3 how to make money: If you deposit $ 100 in your account, the bank can legally take $ 90 and loan it to the bank without telling you that you should keep $ 10 of your deposit in reserve if you want to Some of the money is called vault cash, but why is your bank account still there? You pay $ 100, say, if the bank has stolen $ 90 because the bank left the IOU, instead called bank credit, now I know it sounds crazy, but here the Fed Ice checkbooks in black and white from commercial banks make money verse, which they simply give a loan.

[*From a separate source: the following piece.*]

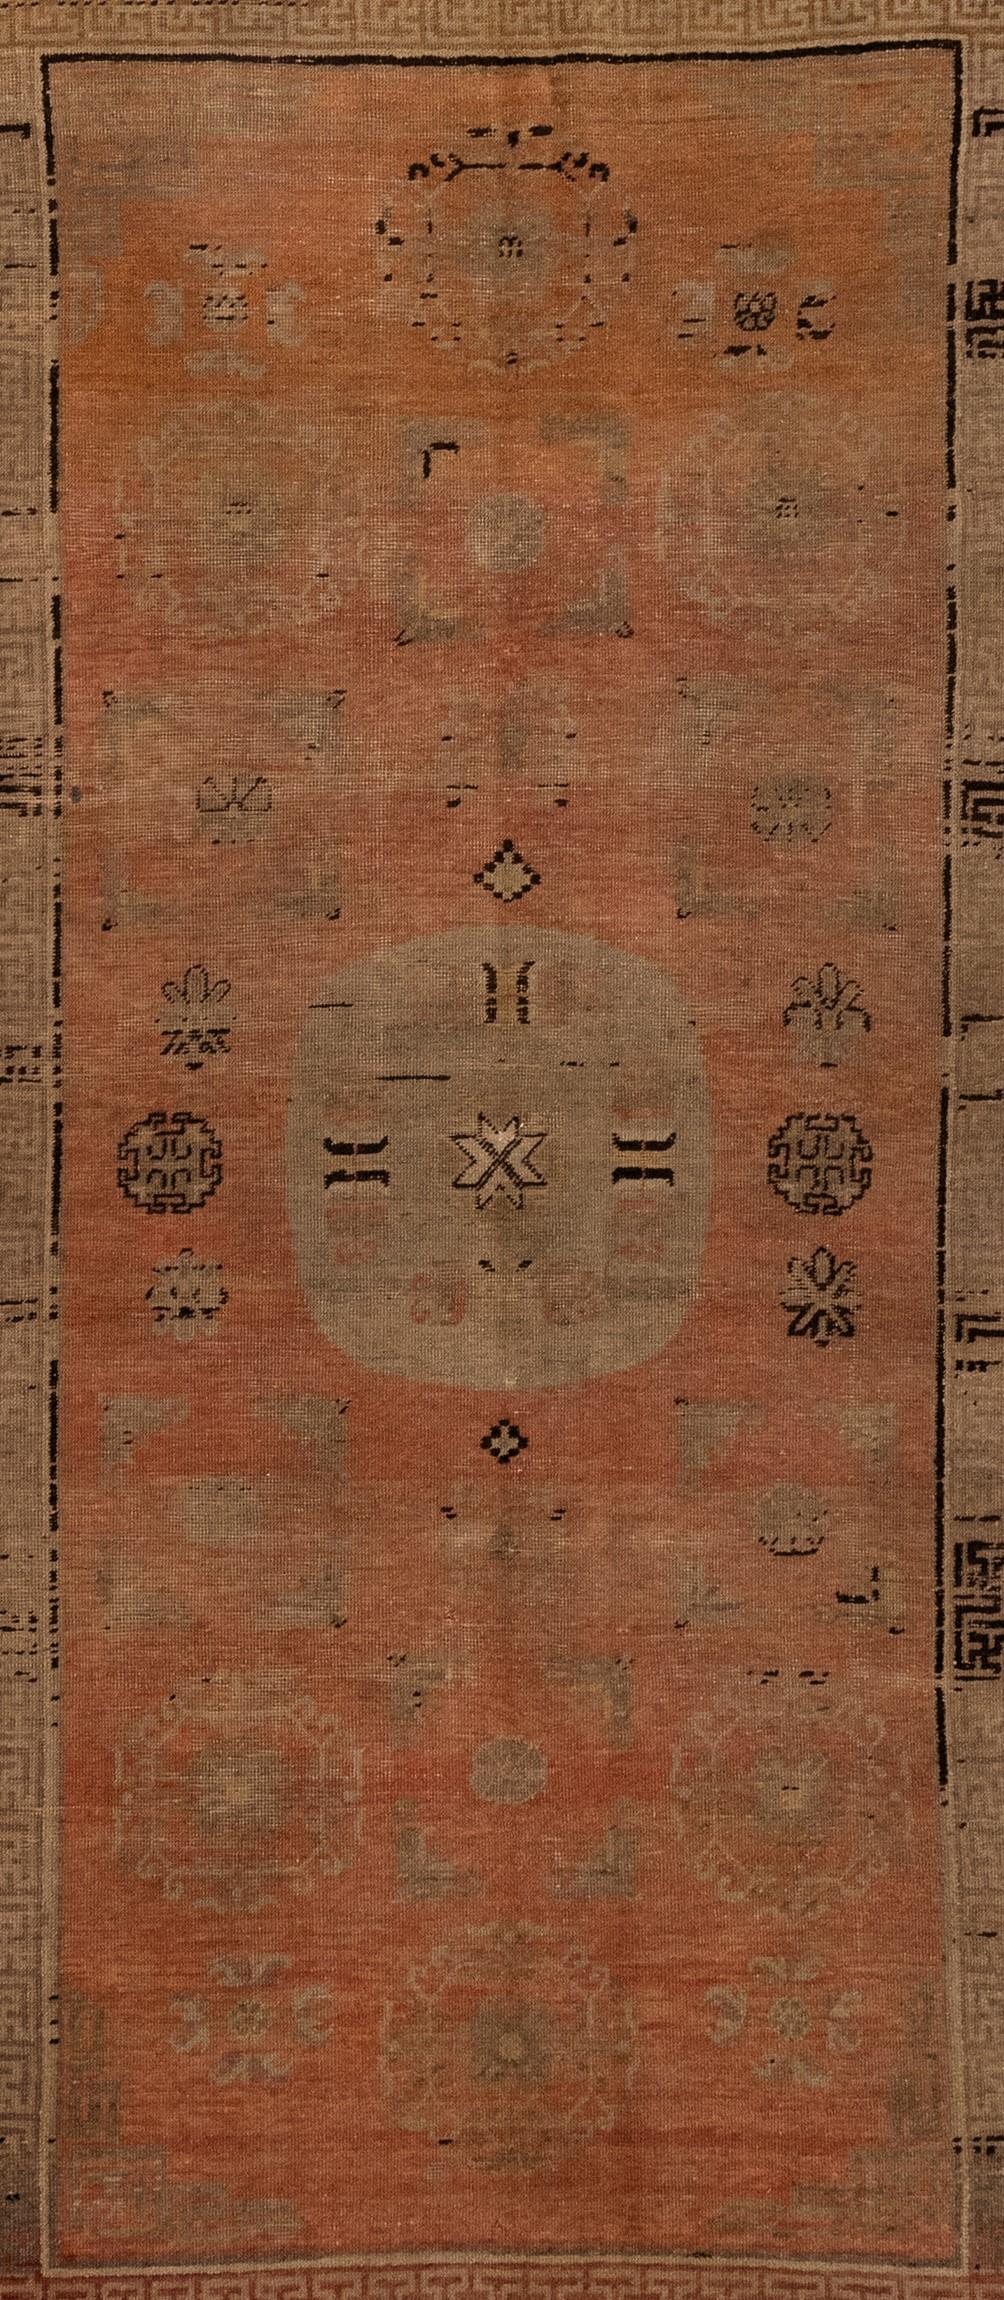 Dieser antike Khotan-Teppich aus Ostturkestan ist wirklich atemberaubend. Es ist klar, dass um 1900 viel Sorgfalt und Aufmerksamkeit in seine Herstellung geflossen ist, und das runde Medaillon ist das eigentliche Highlight. Ich finde es toll, dass

- In addition to a borrower's IOU adding new deposit dollars to accounts in their books are nothing but numbers that their Computers have the type of the bank and even though these bank credits are very different from IOUnnn base currency numbers because they only have computers that exist they are still currency. There are now one hundred nineteen sellers in existence, now the reason is that people ask banks To take a loan and to buy something, they are going to buy a house or a car or something worth $ 90 to the borrower that the bank lends it to your account and heaps the seller of the item, But then the seller deposits that currency in his loan and leaves 90% of his bank loan on it and leaves the credit number The inits place now in existence at $ 271 repeats this process and repeats under a 10 percent reserve ratio, an initial deposit of just 100dollars can build up to $ 100 bank credit, which is all $ 100 vault cashback 10 Supported by%, as I said reserve ratios will vary wildly. On some deposits it is 10%, it is 3% and some forms of deposits have reserve requirements, the result being that the expansion of the currency supplied by this is More than the example, leading you to believe that once again the currency has been deposited. Banks get it to lend and then it is redefined and redefined and redefined and redefined. And in this way, the bank is again dependent on creating credit. The huge currency where our money supply comes from 92 to 96 percent, not all the currency is created by the government but in the banking system.